De openbaringen van Jozef Rulof in eschatologisch perspectief
In het theologische en publieke debat van rond 1900 nam de eschatologische verwachting beslist niet meer de prominente plaats in van voorheen.’ Dit als gevolg van de wetenschappelijke en technologische revoluties van de 19e eeuw, zo stelt G.C. den Hartog vast in zijn bijdrage aan hét handboek Eschatologie (1999).
[1]
Er was een tijd van optimisme aangebroken, van rust na de achterliggende turbulente eeuwen. Tegelijkertijd was er ook een onderstroom van ‘diep cultureel pessimisme’, een fin-de-siècle gevoel, met name manifest op het Europese continent; in de eerste helft van de 20e eeuw kon dat zelfs doorslaan naar ‘apocalyptisch pessimisme’. Den Hartog meent dat dit met name zichtbaar werd in de omgang met de dood en de plaats van de dood in het leven, want ‘als de verwachting van- de toekomst van Gods Rijk is weggevallen blijft nog altijd het probleem van de eigen dood’.
[2]
Het wegvallen van deze verwachting had zich al ingezet met de opkomst van de 19e eeuwse liberale theologie, zo wordt gesignaleerd door J. L. Walls, in het Oxford Handbook of Eschatology (2008). Hij stelt dat er rond het fin- de-siècle sprake was van een mentaliteit van zelf aanpakken, niet blijven wachten op een God die er misschien niet eens is. De liberale theologie presenteerde het concept van een Koninkrijk Gods dat mensen zelf moesten verwezenlijken, of op zijn best ‘a joint project of divine and human action’.
[3]
Maar de 20e eeuw, met al zijn maatschappelijke en politieke spanningen, uitmondend in twee wereldoorlogen, was een schok voor een dergelijk optimisme. Deze crises vormden de achtergrond waartegen zich een ‘herontdekking van de eschatologie’ ging aftekenen, door Walls zelfs aangeduid als ‘de eeuw van de eschatologie’.

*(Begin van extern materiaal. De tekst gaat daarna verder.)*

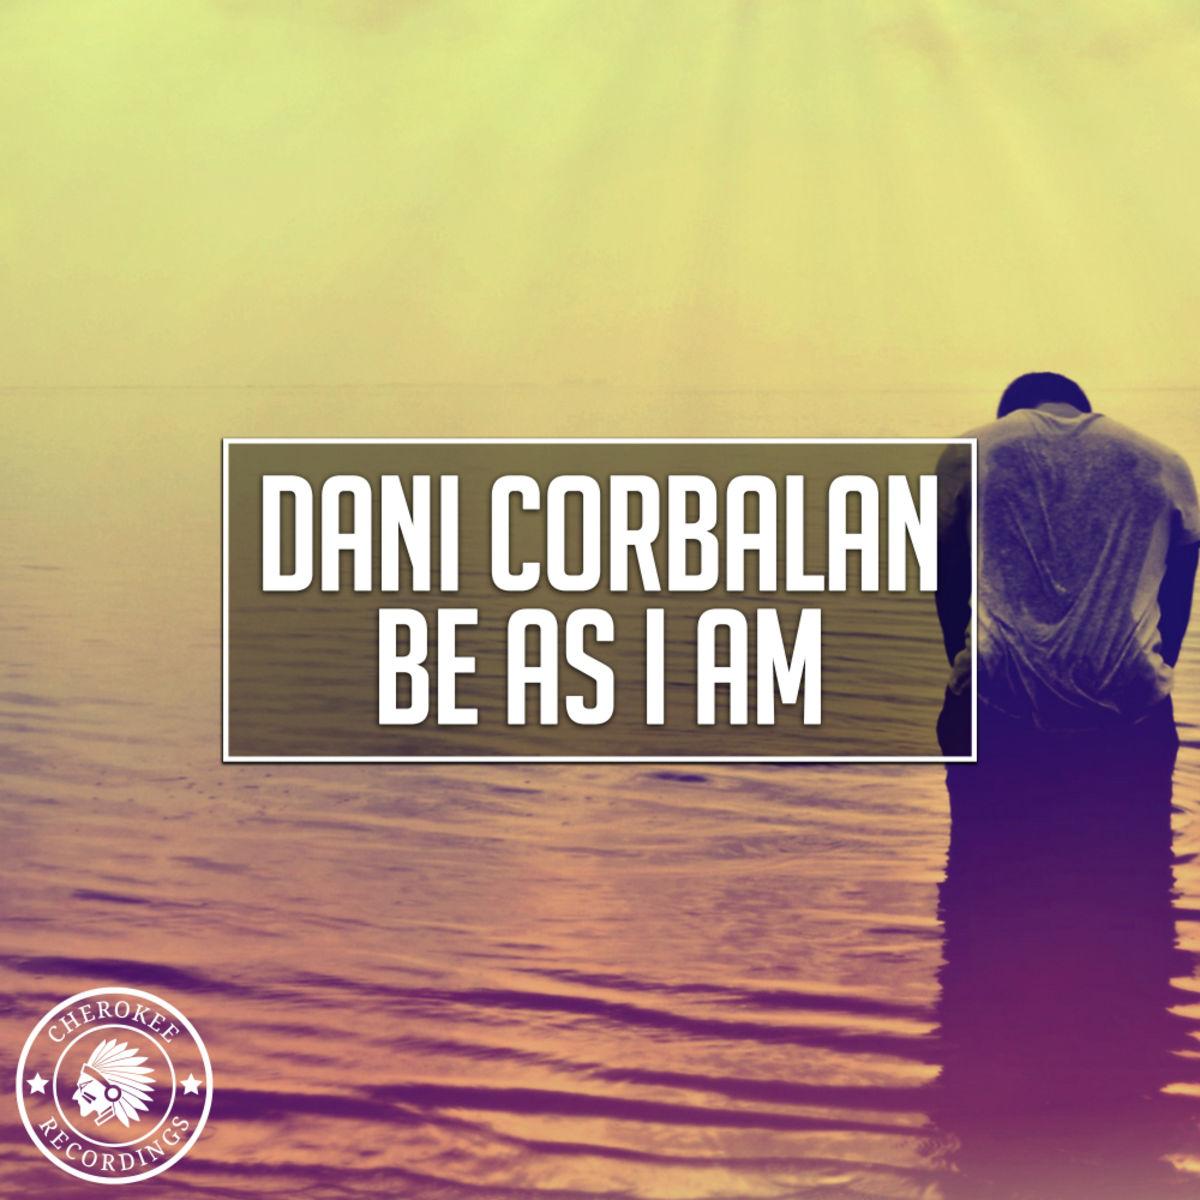 Dani Corbalan - Be As I Am  (Radio Edit)
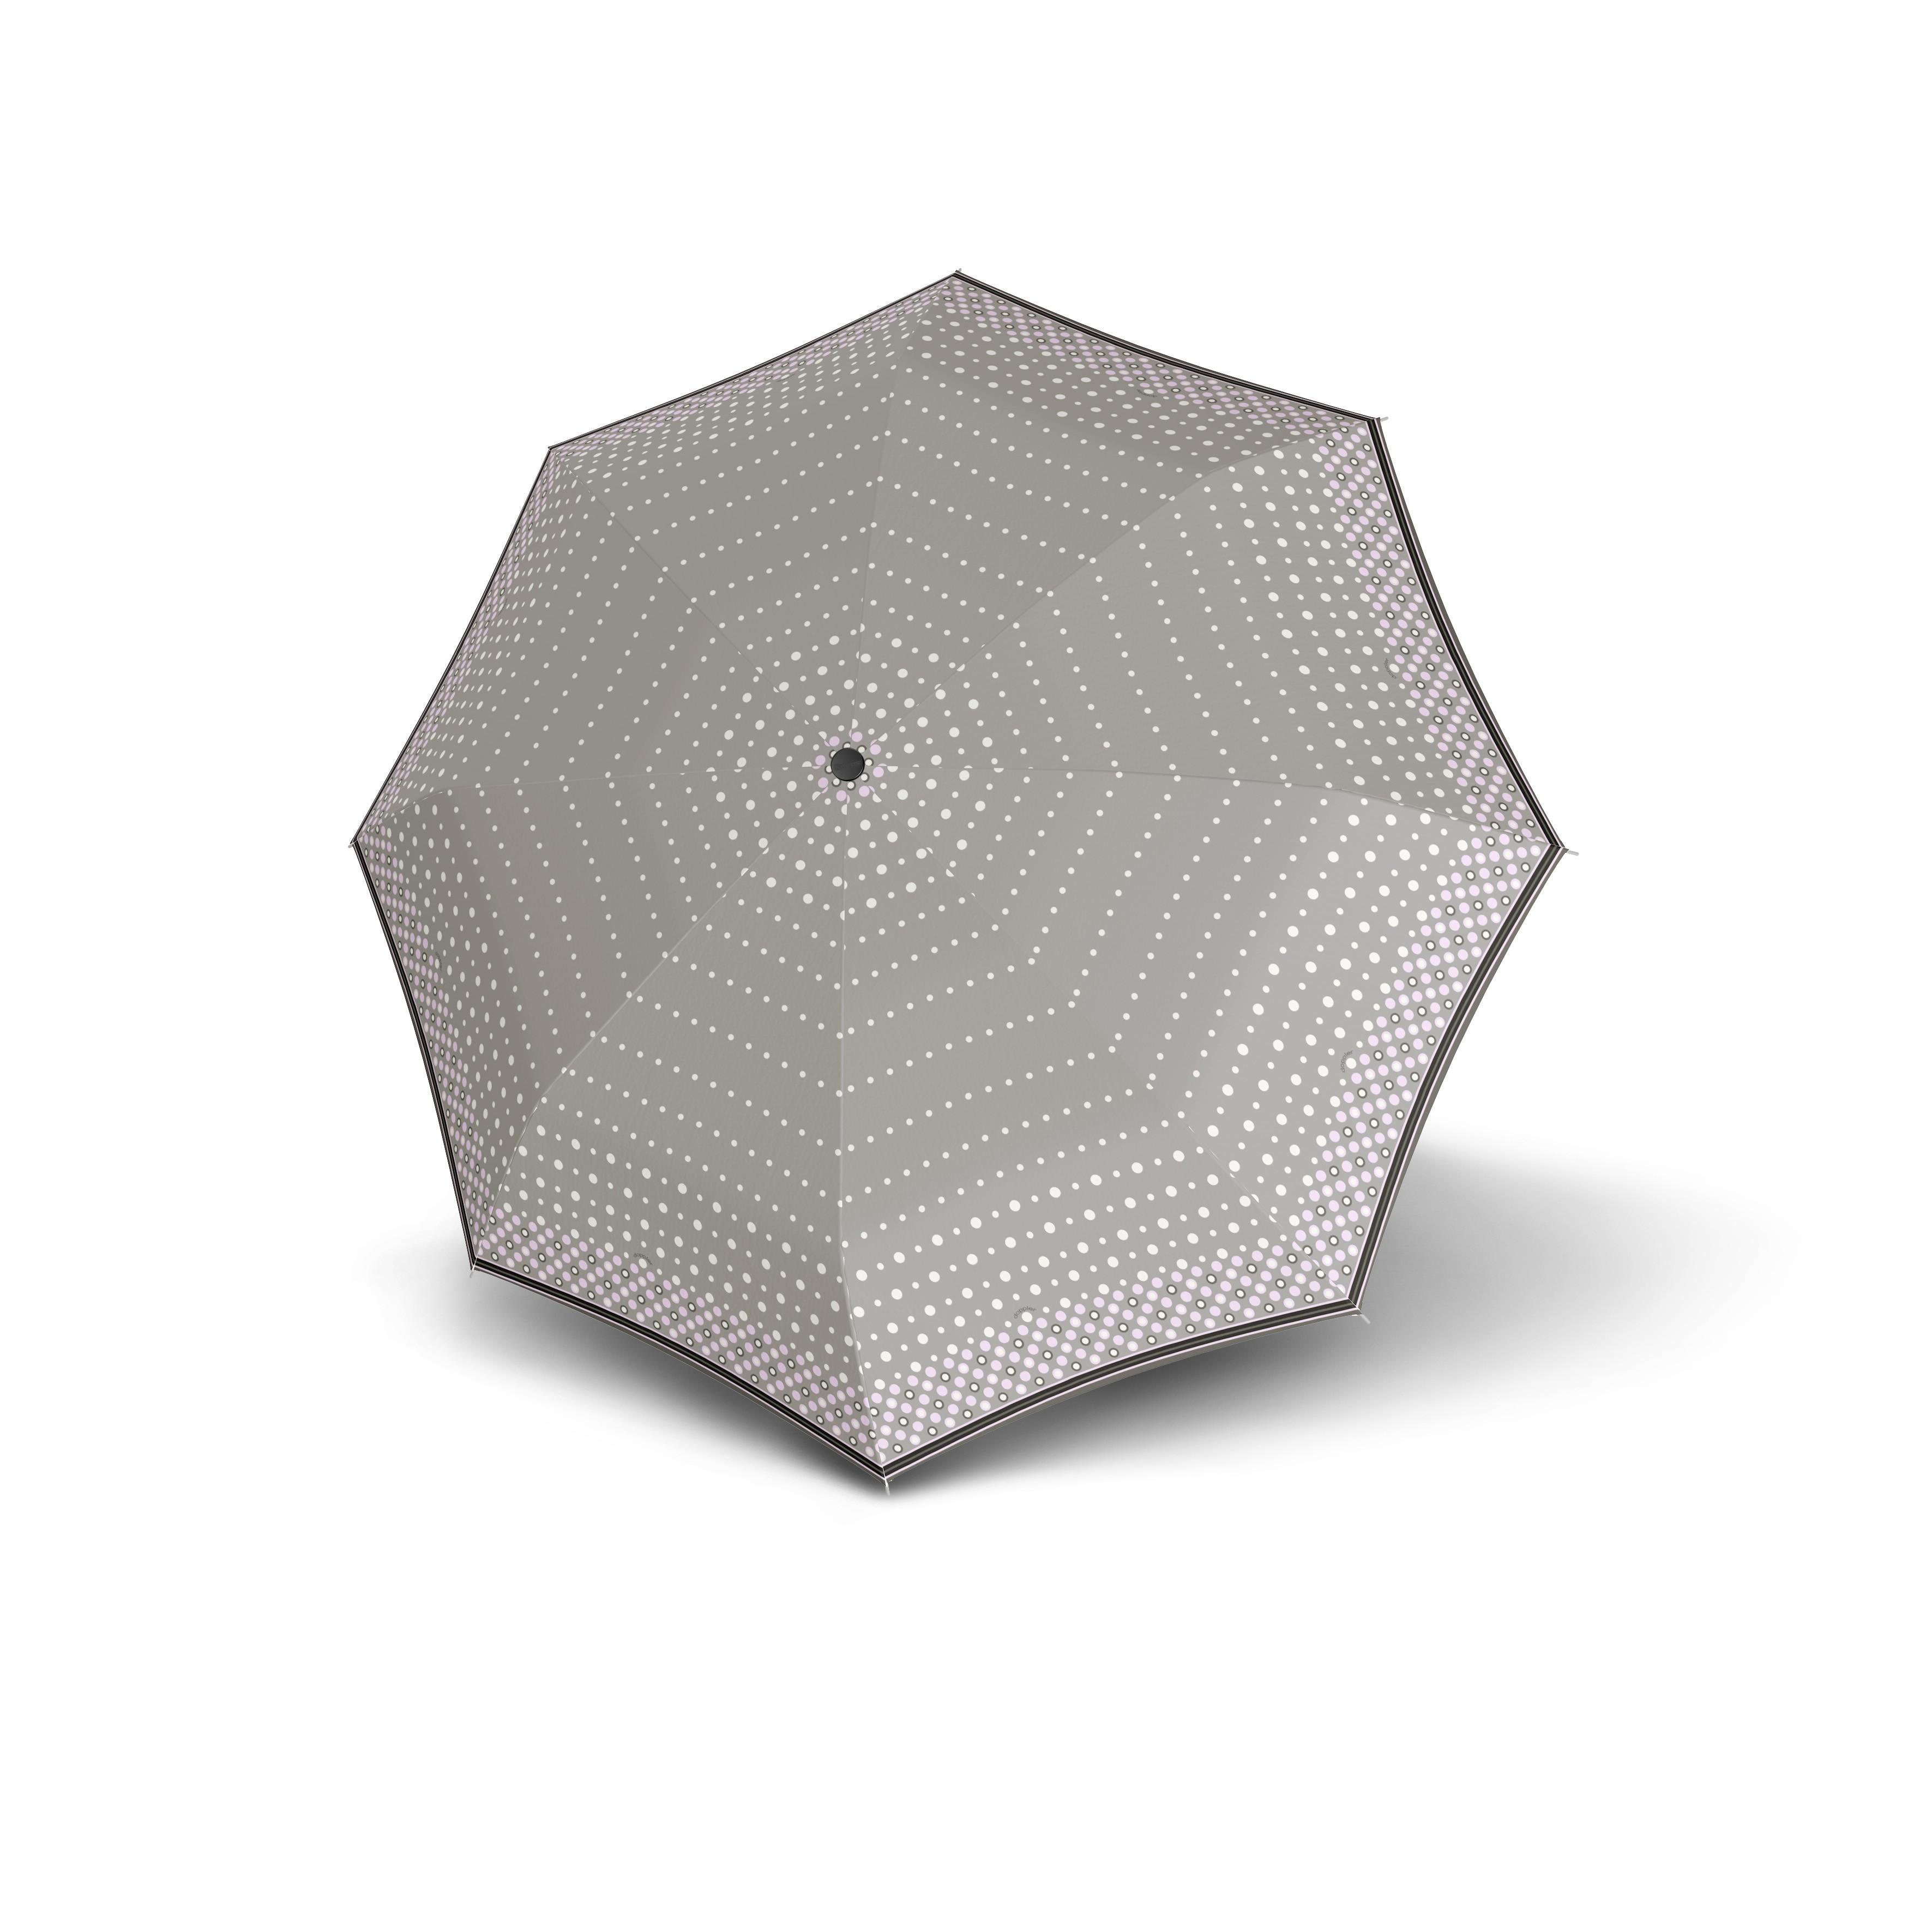 Šedý puntikovaný automatický skládací dámský deštník Abnaki

Binnen de Nederlandse context was medium en zelfverklaard profeet Jozef Rulof iemand die zich met deze thematiek bezighield. In dit artikel zal ik ingaan op de vraag wie Jozef Rulof was, wat zijn visie op het eschaton was en wat het belang van zijn eschatologie is geweest voor de ontwikkeling van bewegingen zoals de New Age.
Eschatologie en apocalyptiek
In deze paragraaf zal ik kort ingaan op de in relevante vakliteratuur gehanteerde terminologie aangaande eschatologie, apocalyptiek en chiliasme. Na een uitwerking van de specifieke eschatologie van Jozef Rulof kom ik terug op deze (selectie van) definities, om te kunnen bepalen in hoeverre Rulofs denken hierbij aansluit.
Eschatologie, in de definitie van H.G.L. Peels, handelt over de leer aangaande de laatste dingen.
[4]
Eschatologie betreft een systematisch geheel van eindtijd- en hiemamaalsvoorstellingen (volgens anderen met inbegrip van paradijsverwachting),
[5]
met als belangrijkste kenmerken/elementen/thema’s: de voleinding van de wereld, dood en opstanding, eeuwig heil en eeuwige verdoemenis.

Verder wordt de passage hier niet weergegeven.